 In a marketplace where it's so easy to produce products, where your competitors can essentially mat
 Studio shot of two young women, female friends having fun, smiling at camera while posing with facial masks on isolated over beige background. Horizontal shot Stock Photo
---
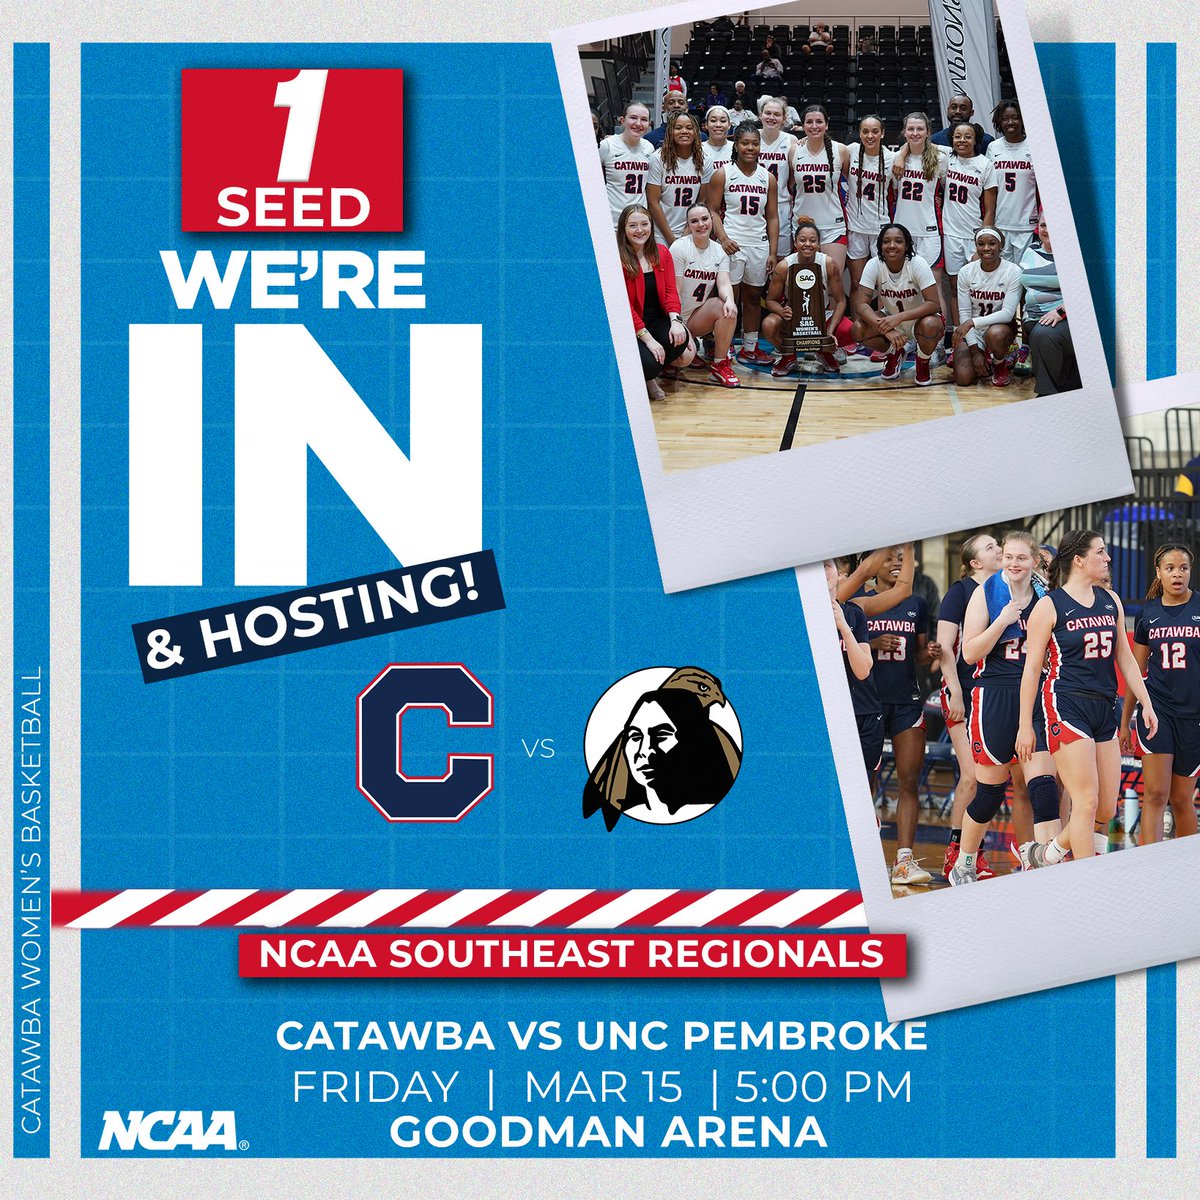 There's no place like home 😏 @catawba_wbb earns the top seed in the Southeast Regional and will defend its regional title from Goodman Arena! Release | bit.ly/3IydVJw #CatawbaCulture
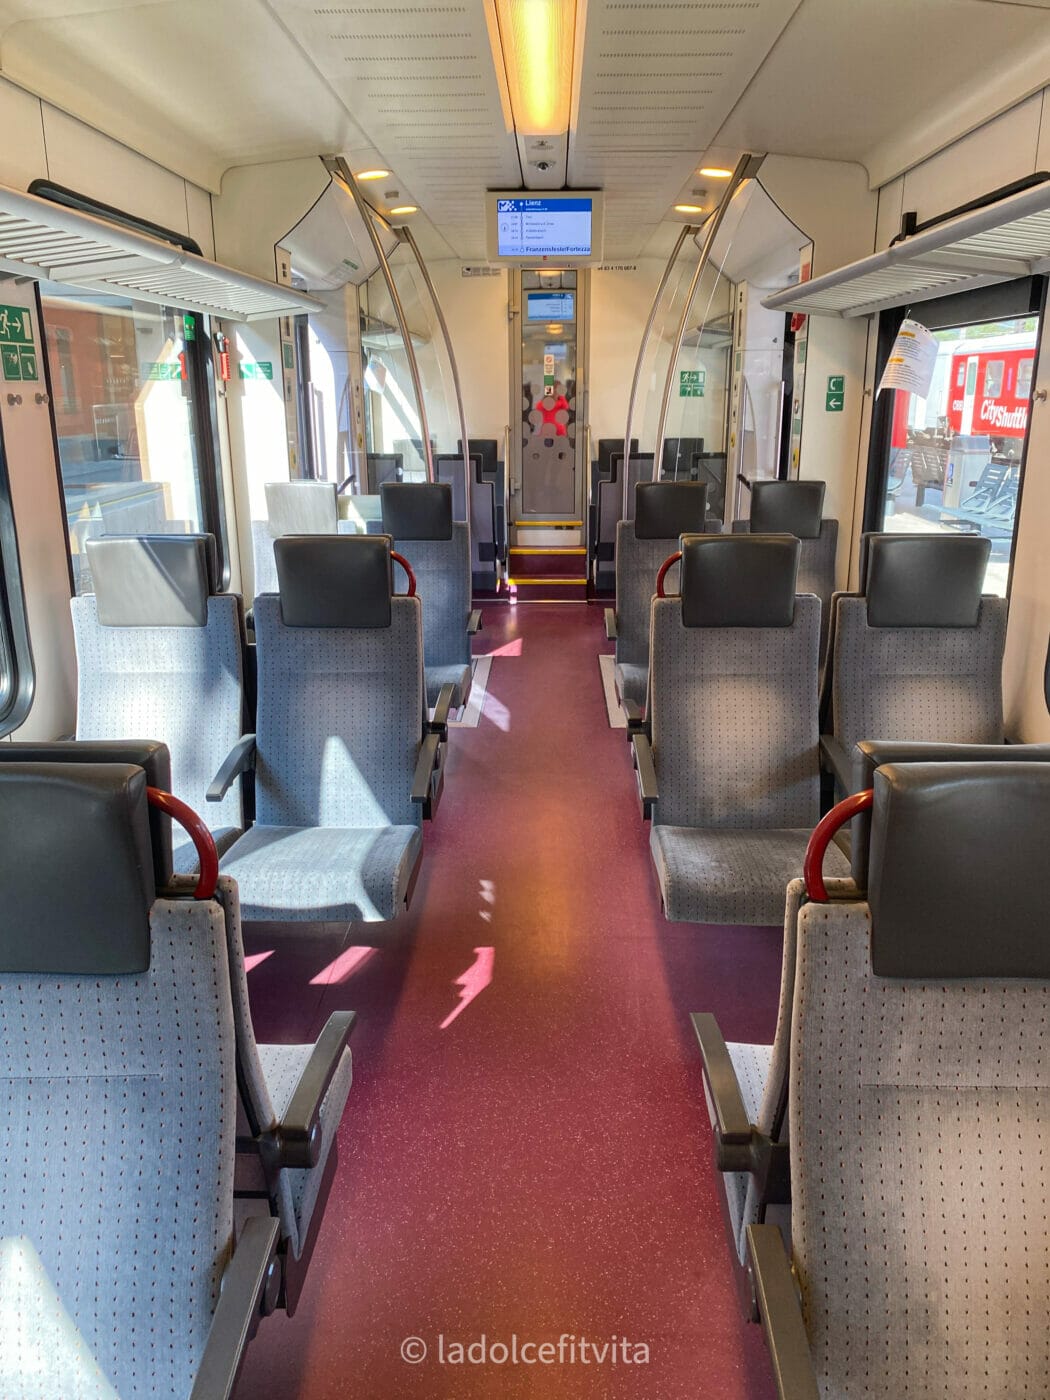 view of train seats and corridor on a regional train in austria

| Problem details |
From the listing above, repeat only the lines between the line containing "There's no place" and the line containing "view of train", those two included. Pictures are not part of the copy.

| Finished task |
 There's no place like home 😏 @catawba_wbb earns the top seed in the Southeast Regional and will defend its regional title from Goodman Arena! Release | bit.ly/3IydVJw #CatawbaCulture
 view of train seats and corridor on a regional train in austria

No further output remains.